Collected material:
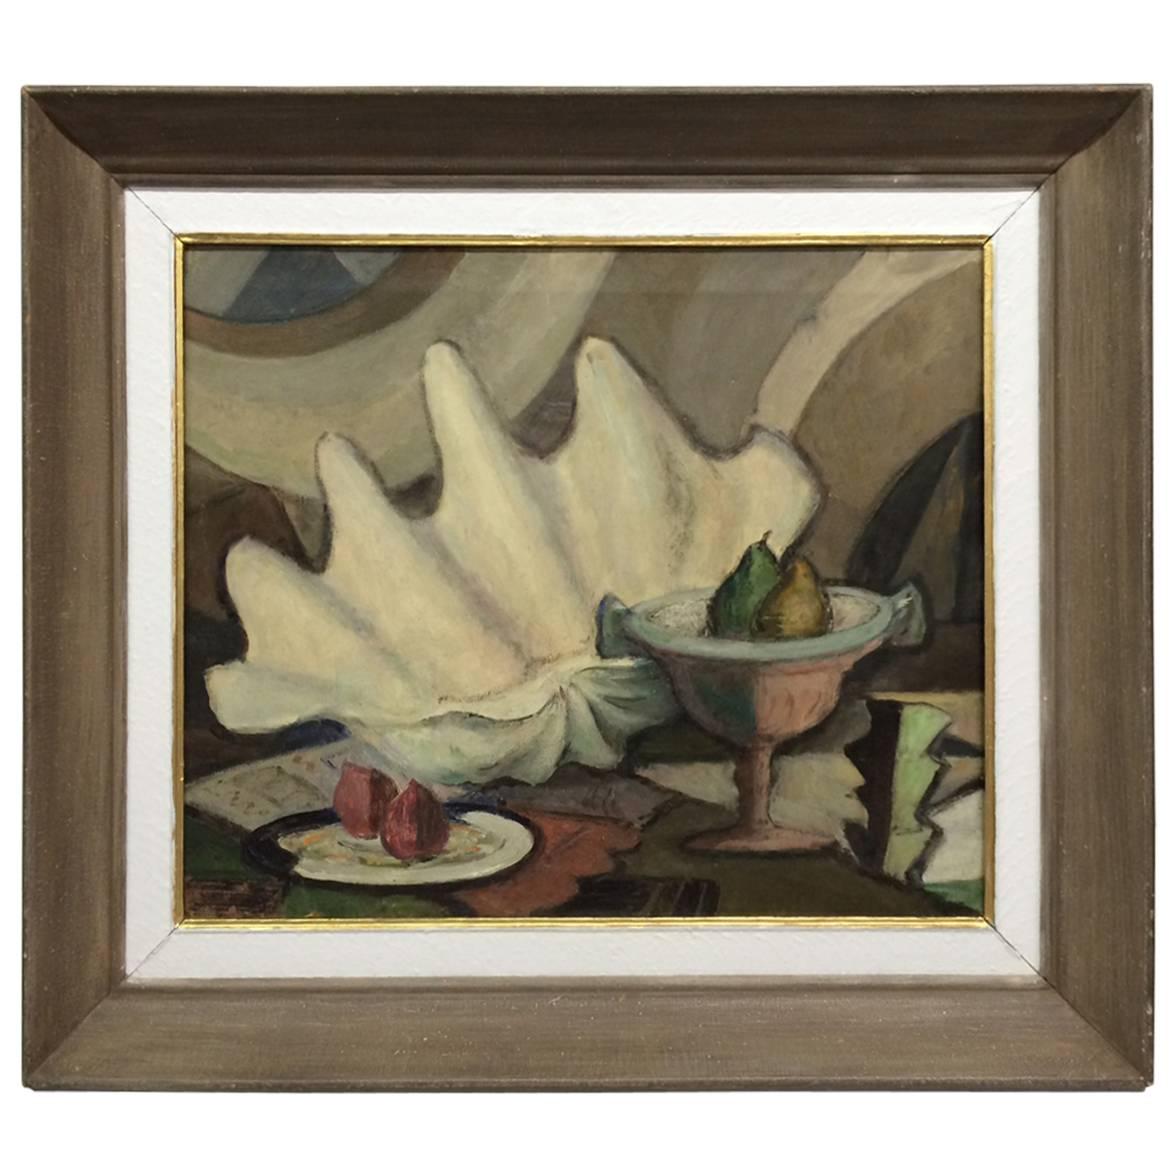 1940s Still Life Composition Painting with Fruit and Giant Clam
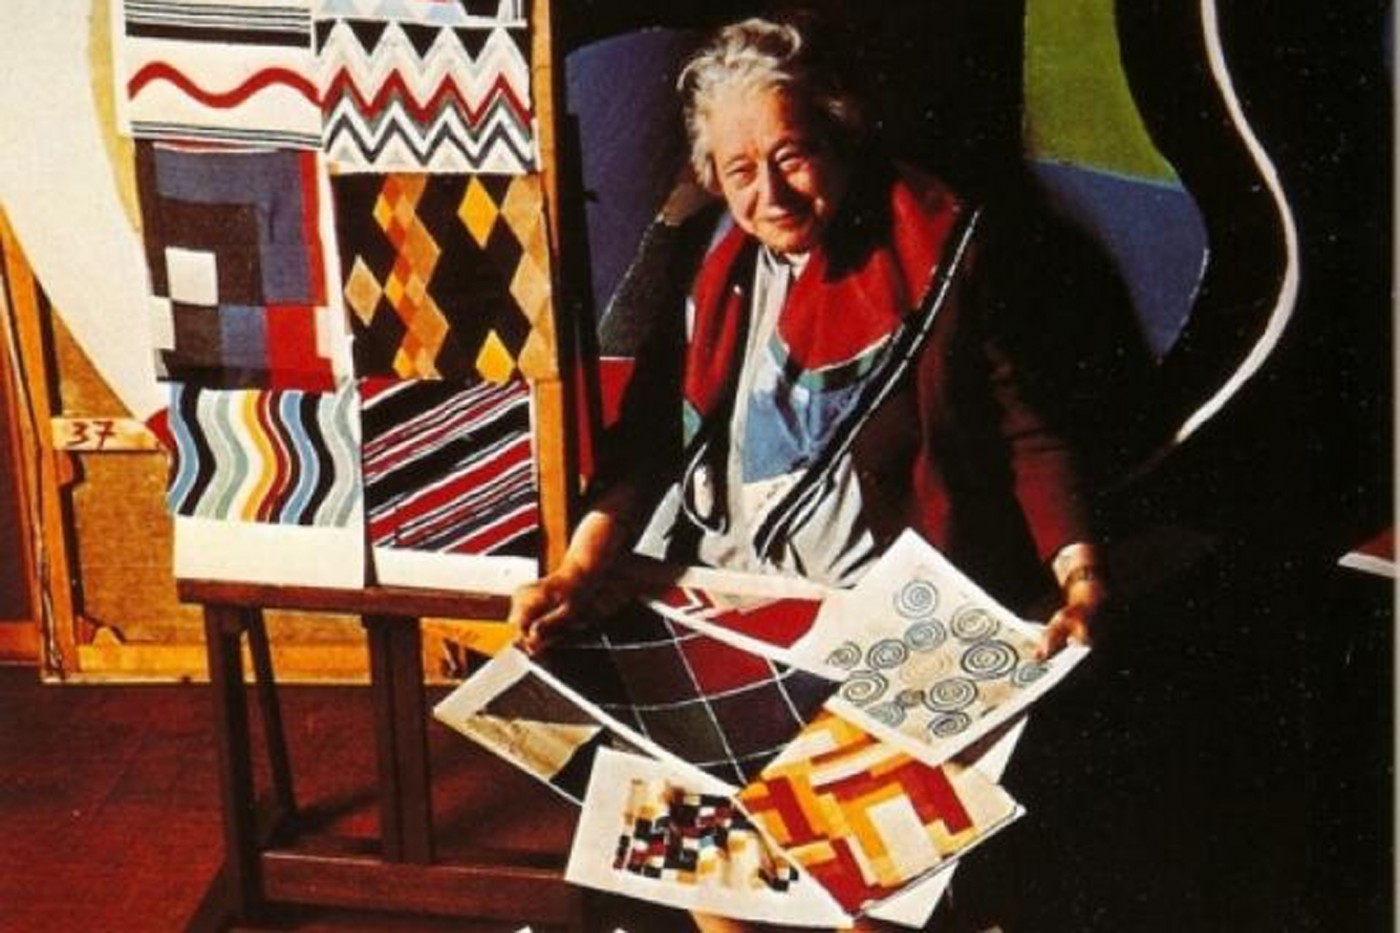 International Women's Day 2022 Spotlight on the life and work of artist Sonia Delaunay
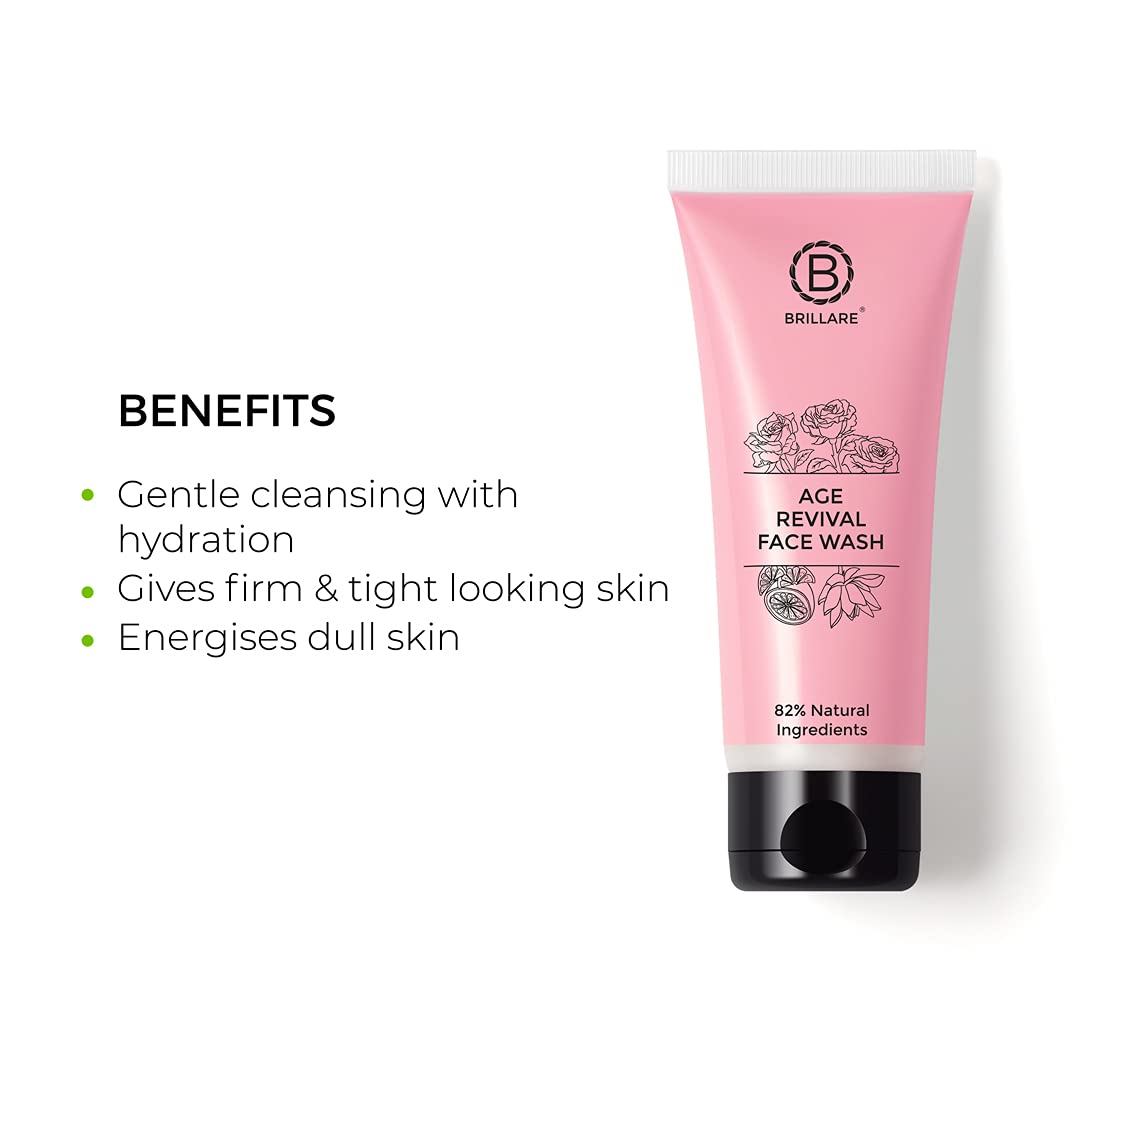 Age Revival Face Wash For Ageing Skin

What the exercise asks: Every line of the listing above is to be set down verbatim, without the pictures.

Exercise result:
 1940s Still Life Composition Painting with Fruit and Giant Clam
 International Women's Day 2022 Spotlight on the life and work of artist Sonia Delaunay
 Age Revival Face Wash For Ageing Skin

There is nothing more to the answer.